In Berlin for a short examining stint, I stumble across a
magical little restaurant in the lee of the Deutsche Oper and settle down in a
corner for a fine glass of wine and an even finer jaegerschnitzel. As ever when dining alone, my ears reach out
to my fellow diners and I give in to my passion for eavesdropping. Here, I have the excuse of trying to shake
the dust off my very rusty German in advance of a day’s examining where some
linguistic facility will inevitably be called for, and before long I feel fully
tuned into a discussion going on in earnest at a nearby table between six very distinguished
looking diners. I am intrigued to hear
them discussing the merits of Wolfgang Sawallisch and it is some time before I realise
that my comprehension of their discussion is heightened by the fact that much
of it is being conducted in English. I
look over a little more closely and, as I do, one of them catches my eye. There is a shock of recognition and we
politely nod, but I quickly turn back trying to rack my brains as to where I’ve
seen him before. He, however, has no
such English reserve and gets up from his table and comes over to speak to me.

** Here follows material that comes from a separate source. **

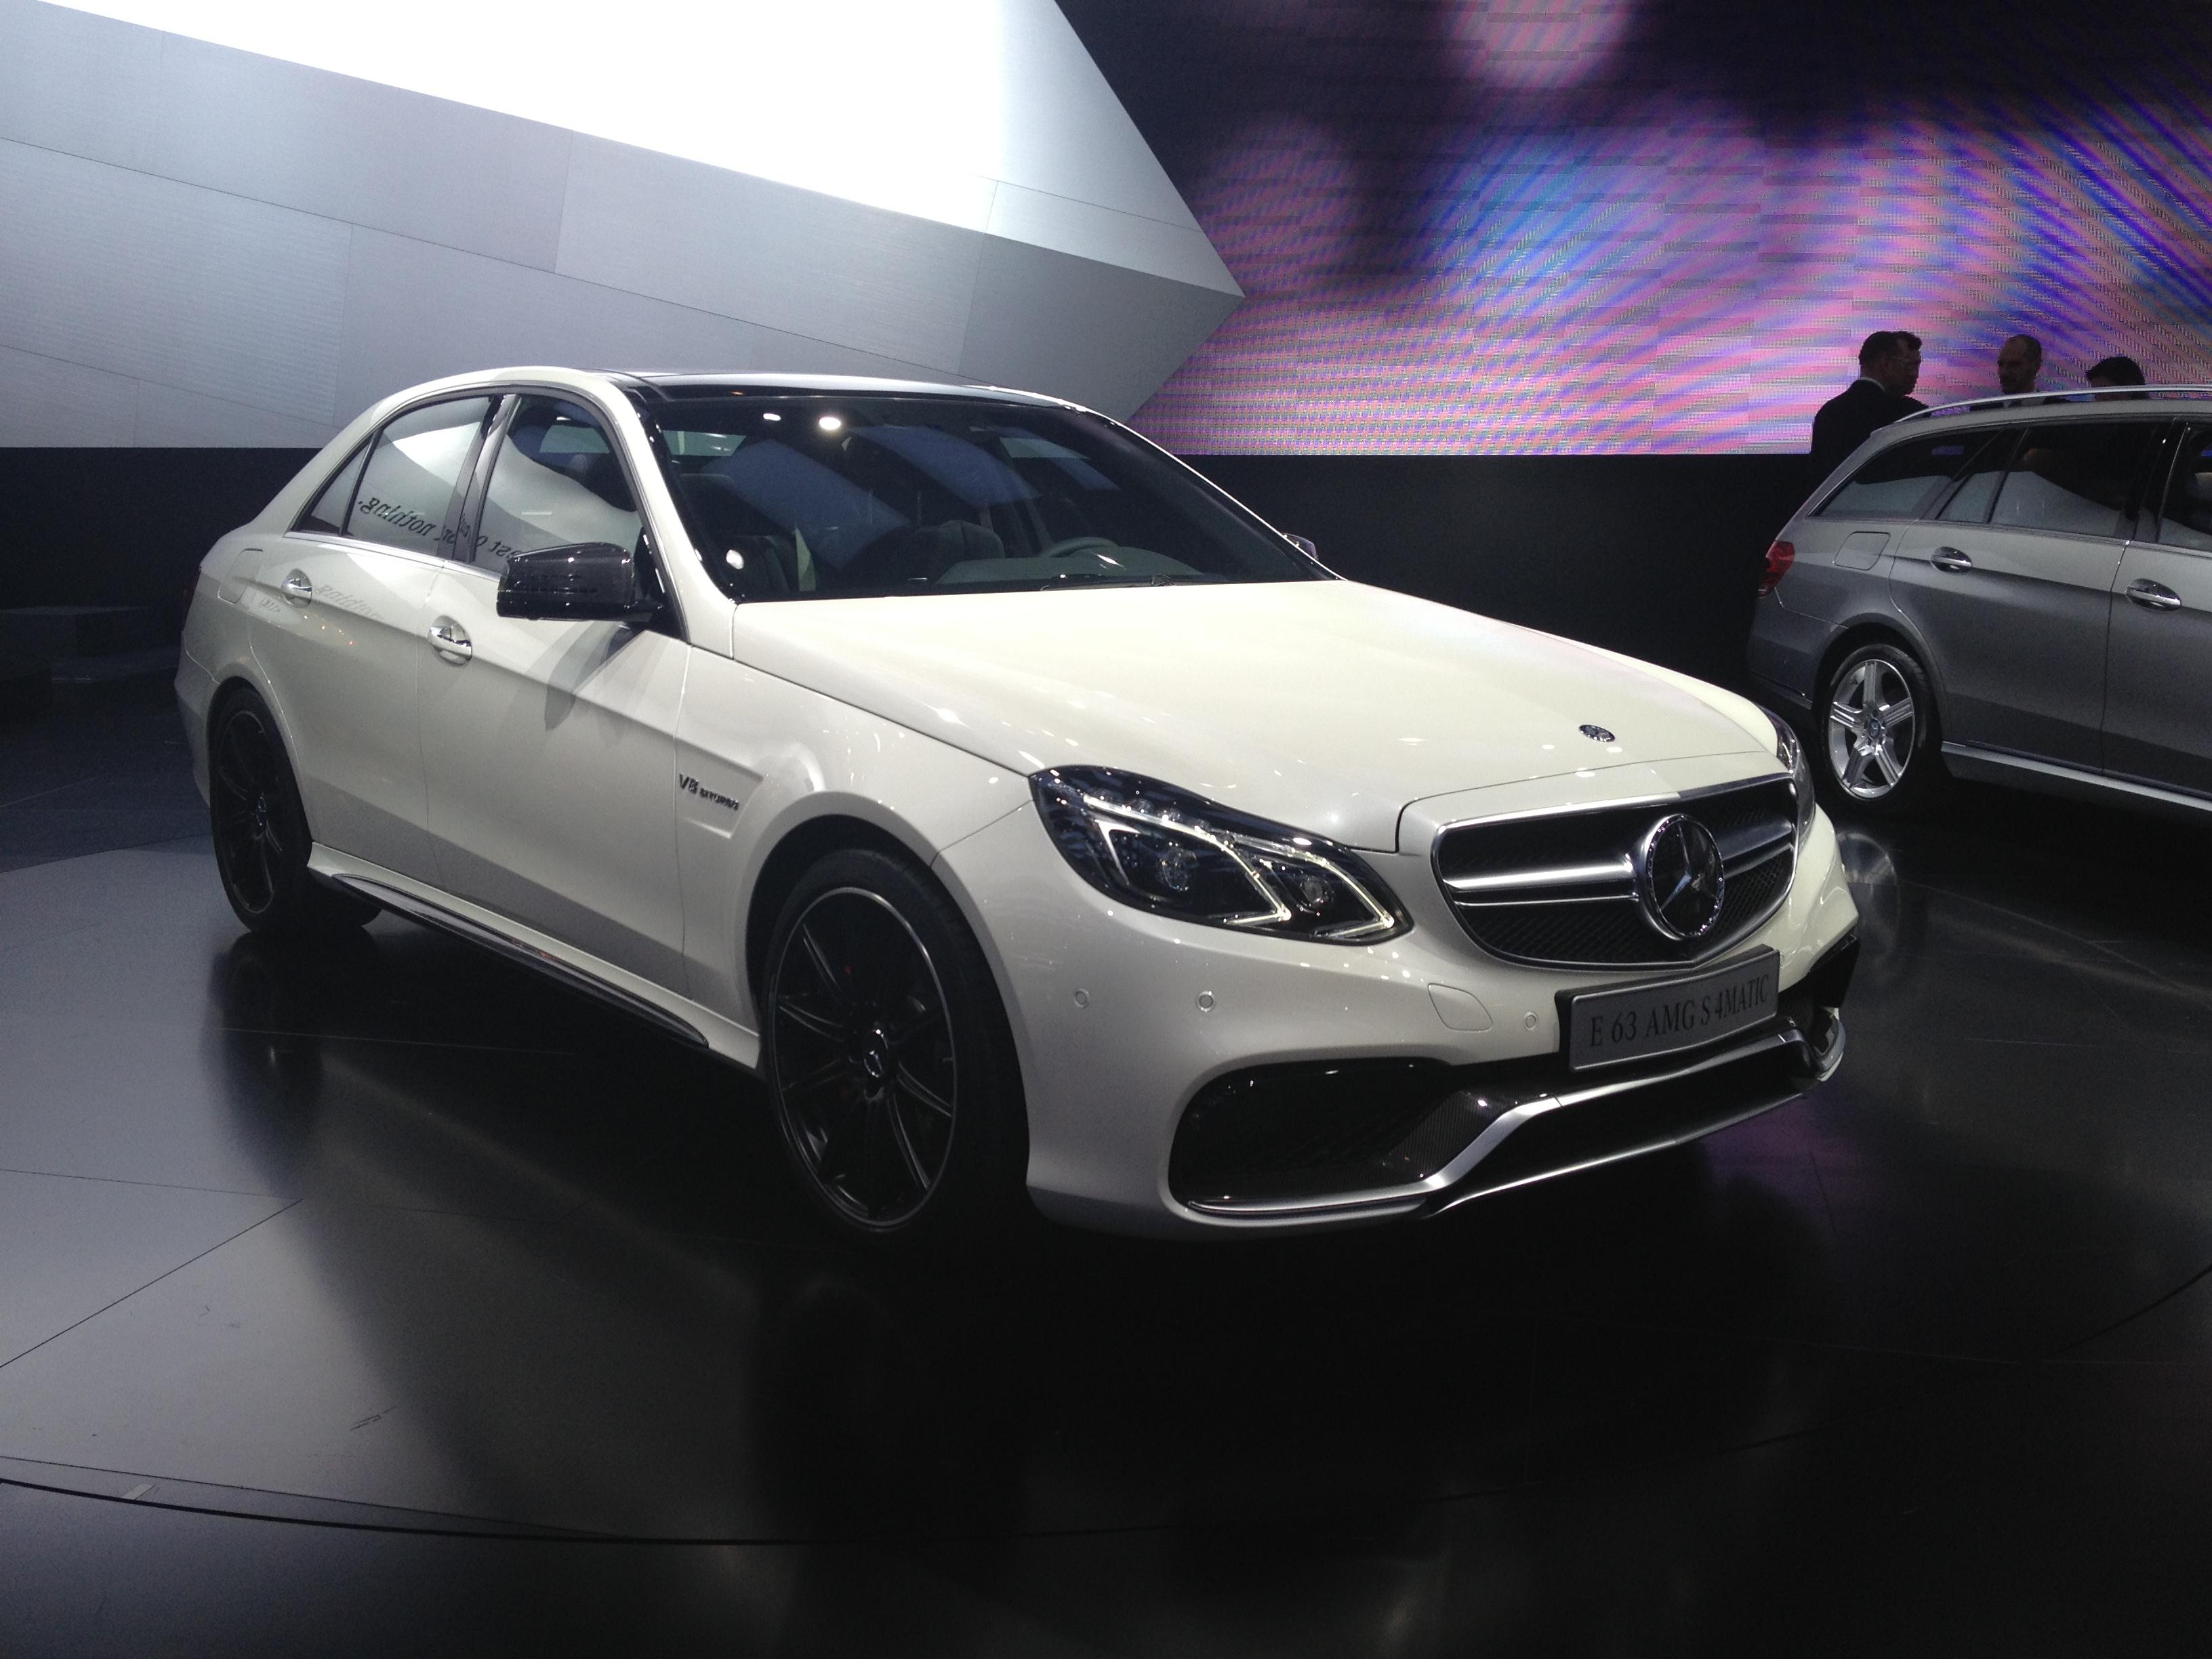 File:2014 Mercedes-Benz E63 AMG S 4MATIC (8404447380).jpg

After some preliminary skirmishes in German which quickly
resolve into English, we realise that we met when he was on a panel discussion
I chaired at a Live! Singapore forum a few years back. At that time he was manager of a German
orchestra but I learn he has now retired and is a leading light in a small
society of retired professionals who share a passion for the arts and for the
English language. They meet every Monday
and as this is a Sunday evening, he is thrilled that, by good fortune, I will
be able to join their meeting the following day. I have no choice but to agree and I am then
asked if I can deliver a short talk in English on the Classical Music Scene in
Asia.
Leap forward 24 hours and I meet my contact again at the
restaurant and, fortified with a refreshing beer, we head off to the apartment
where about twenty distinguished ladies and gentlemen are assembled in a room
which could almost have come out of a movie film set; full of dark wood panels
and creaking leather chairs. I’ve had a
busy day examining so my preparation for this talk has been non-existent. I resort to that tried and tested opener of
asking my audience what they know of Classical Music in Asia.
Quite a lot, it turns out, and quickly my talk becomes an
animated discussion about Chinese concert halls, audience behaviour and Lang
Lang; it turns out most of them followed both the Berlin Phil and the Mahler Chamber
Orchestra on recent Asian tours.
Interestingly, though, none of them had heard of the Malaysian
Philharmonic Orchestra (which distressed me deeply, not least because it does
have a German conductor – although I quickly learn that Claus Peter Flor is not
a name that engenders universal admiration among the great and good of Berlin
society) nor of the Hong Kong Philharmonic, and while they were conscious of orchestras
in Japan, Taiwan and China, the only Asian orchestra they really felt they knew
enough to pass comment on was the Singapore Symphony.
This was a group of people who listen avidly to music, not
on disc or radio, but live. For them,
music only exists as a live performance art – and, as if to prove the point-
our Monday evening meeting ended with three of them performing a Beethoven
Trio. They vividly recalled the visit of
the SSO to Berlin in 2010 and were even more impressed when the Singapore National
Youth Orchestra visited the city last year as part of the Young Euro Classic
Festival – a performance I was supposed to attend but was sadly prevented by
family illness. For serious music lovers
living in a city with possibly the finest orchestra in the world on their doorstep,
to recall performances by two relatively lowly orchestras from Asia shows
either good manners or a genuine level of admiration at the standard of playing
they heard.
I am convinced that the Singaporean musicians really did
make an impact; not the “how-clever-the-Asians-are-to-do-this-sort-of-thing”
impact but a genuine belief that these orchestras both contributed something significant
to the musical life of the city. It
reinforces something which every orchestral manager knows, but can rarely
convince his financial backers to appreciate; and that is an orchestra on tour
not only offers musical performances to audiences overseas, but performs an ambassadorial
function on behalf of its country far beyond the purely commercial benefits accrued
from any number of trade delegations or tourist promotional expos.
We may know that there are plenty of fine orchestras in
Asia; but for the rest of the world to know that, Asian orchestras have to get
out and about; building audiences at home is important, but there is huge value
far beyond the confines of music, in international touring.